Preparation for the June 2005 High Confidence Medical Device Software & Systems (HCMDSS) Workshop (continued…) We have a new url:
Recovery-Oriented Computing
COP 5611 Operating Systems Fall 2011
INFO 344 Web Tools And Development
Fault Tolerance Distributed Web-based Systems
Why do Internet services fail, and what can be done about it?
WELCOME! Nonclinical Topics Working Group CSS Breakout Plan.
CSC3050 – Computer Architecture
Productive + Hybrid + Intelligent + Trusted
Presentation transcript:

Recovery Oriented Computing: Update Armando Fox (in loco Patterson) Summer ROC Retreat, June 2002

© 2002 Armando Fox Welcome and ROC Philosophy n ROC philosophy (“Peres’s Law”): “If a problem has no solution, it may not be a problem, but a fact; not to be solved, but to be coped with over time” Israeli foreign minister Shimon Peres l Failures (hardware, software, operator-induced) are a fact; recovery is how we cope with them over time l Availability = MTTF/MTBF= MTTF / (MTTF + MTTR) - rather than just making MTTF very large, make MTTR << MTTF n ROC Principles 1. Isolation and partitionability => redundancy 2. Enable fault injection, output checking => online monitoring & verification 3. Undo support 4. Diagnostic support

© 2002 Armando Fox Major ROC Areas n Failure detection and diagnosis l Pinpoint l FIG l Internet service failure causes n Recovery techniques and Design-for-Recovery l Recursive Restartability l Making state-management tradeoffs explicit (QAPSL) l Firm state from infirm components (RAINS) l Designing for Undo: theory and practice n Benchmarking and measurement l Dependability benchmarks for various applications l End-user availability measurements on the Web l Why Internet services fail l Estimating the cost of downtime l Availability in the PSTN

© 2002 Armando Fox Recent Publications ROC Techniques and Tools: n A Utility-Centered Approach to Internet Services Design. George Candea, Armando Fox, in SIGOPS European Workshop n FIG: A prototype Tool for Online Verification of Recovery Mechanisms. P. Broadwell, N.Sastry, J.Traupman, D.Patterson, in SHAMAN workshop at ICS 2002 n Rewind, repair, replay: 3 R’s to Dependability. A. Brown and D. Patterson, SIGOPS European Workshop n Including the Human Factor in Dependability Benchmarks. A. Brown, L. Chung, D. Patterson. In DSN 2002 Workshop on Dependability Benchmarking. ROC Measurements: n Architecture, operation, and dependability of large-scale Internet services: three case studies. D. Oppenheimer and D.A. Patterson. Submission to IEEE Internet Computing special issue on Global Deployment of Data Centers, February (Shorter version in SIGOPS European Workshop) n Measuring End-User Availability on the Web: Practical Experience. Matthew Merzbacher and Dan Patterson. n Lessons from the PSTN for Dependable Computing. P.Enriquez, A.Brown, D.Patterson, in SHAMAN workshop at ICS Fault monitoring/diagnosis: n An Online Evolutionary Approach to Internet Services. E. Kiciman, M. Chen, E. Brewer. In SIGOPS European Workshop

© 2002 Armando Fox Recent Evangelism n Evangelism publications l “Case for ROC” Technical Report l Introduction to Dependability (;login) l A Simple Way to Measure Cost of Downtime (LISA 02) n Evangelism talks l Microsoft Research l HPCA 02 keynote (Patterson) l FAST keynote (Filesystems And Storage Technologies) l IBM Autonomic Computing workshops (Almaden & TJ Watson)

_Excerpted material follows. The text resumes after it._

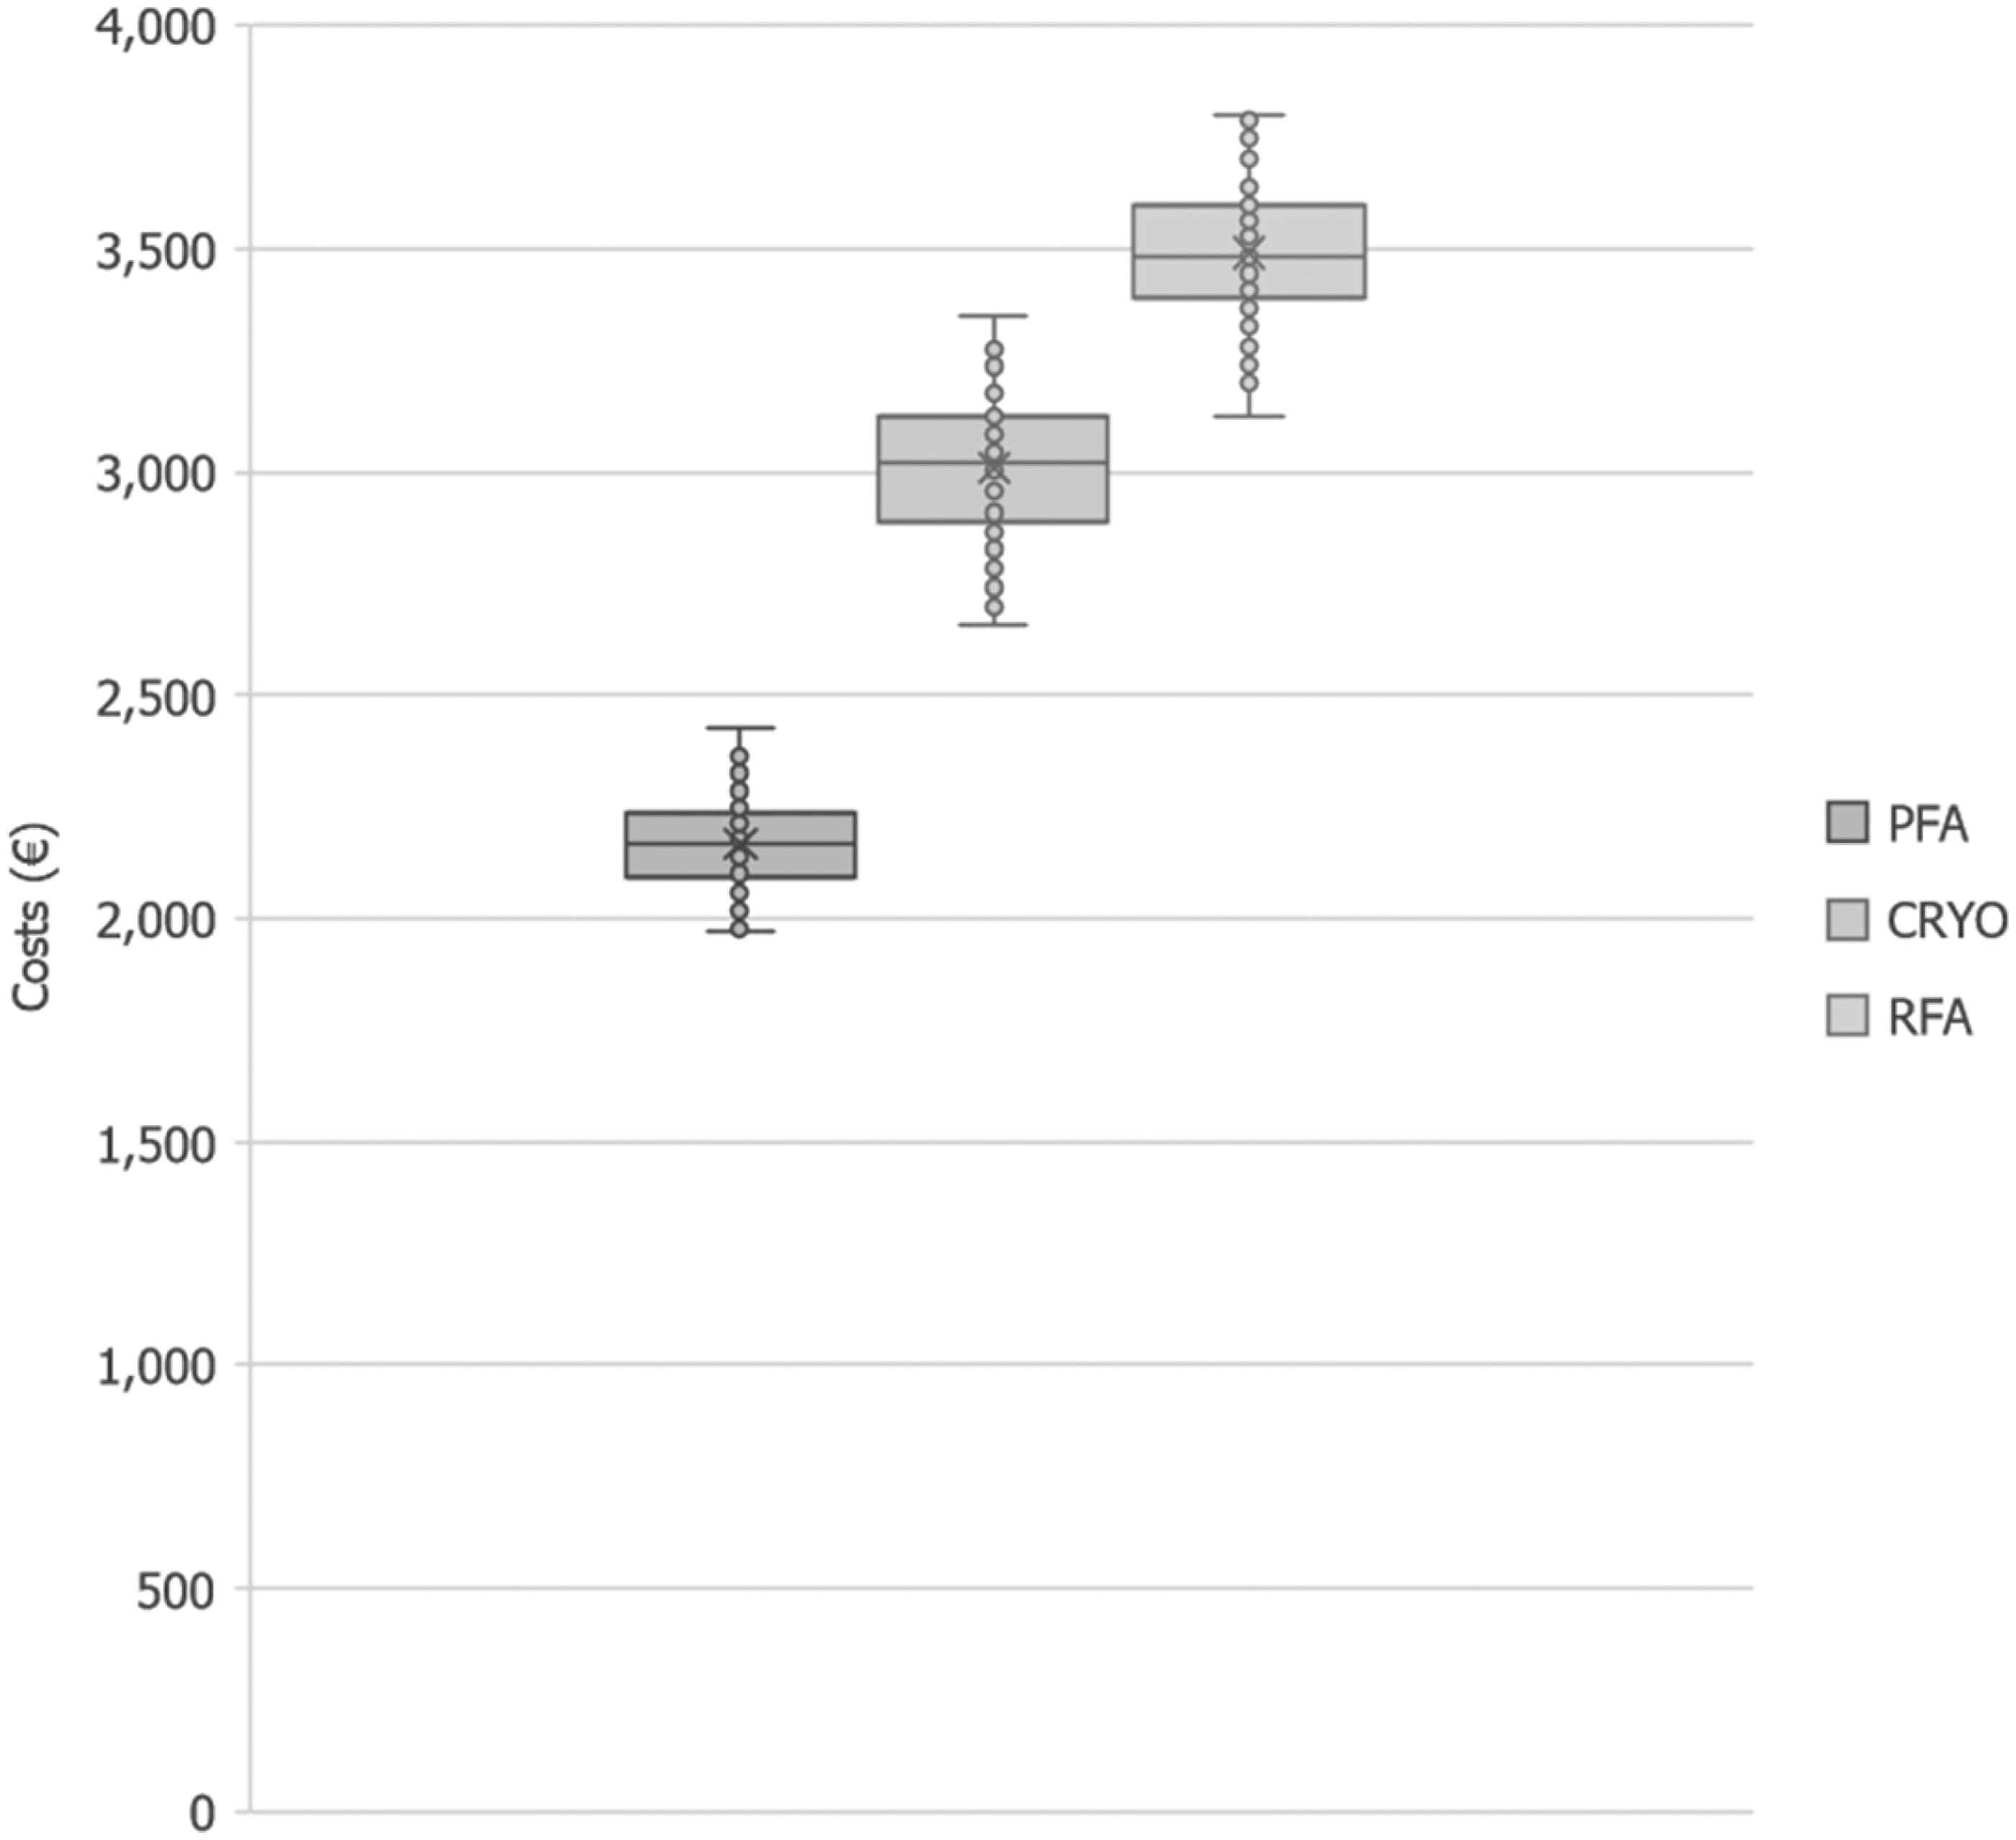 Figure 3. Boxplot of total cost per patient. Each box represents the interquartile range of the total patient cost. The median value is indicated by the line inside each box, with whiskers extending above and below the box. Outliers are shown as individual points

© 2002 Armando Fox About ROC Retreats n Purpose of semi-annual retreats l Progress reports/talks from academia and industry l Exposure/feedback on new ideas or work in progress l Brainstorming in immersive atmosphere l Industry/visitor feedback, opportunities for collaboration l Water fights during rafting trip n Logistics l Web server with retreat talks/papers - thanks to Mike Howard and Bob Miller - WaveLAN “ANY”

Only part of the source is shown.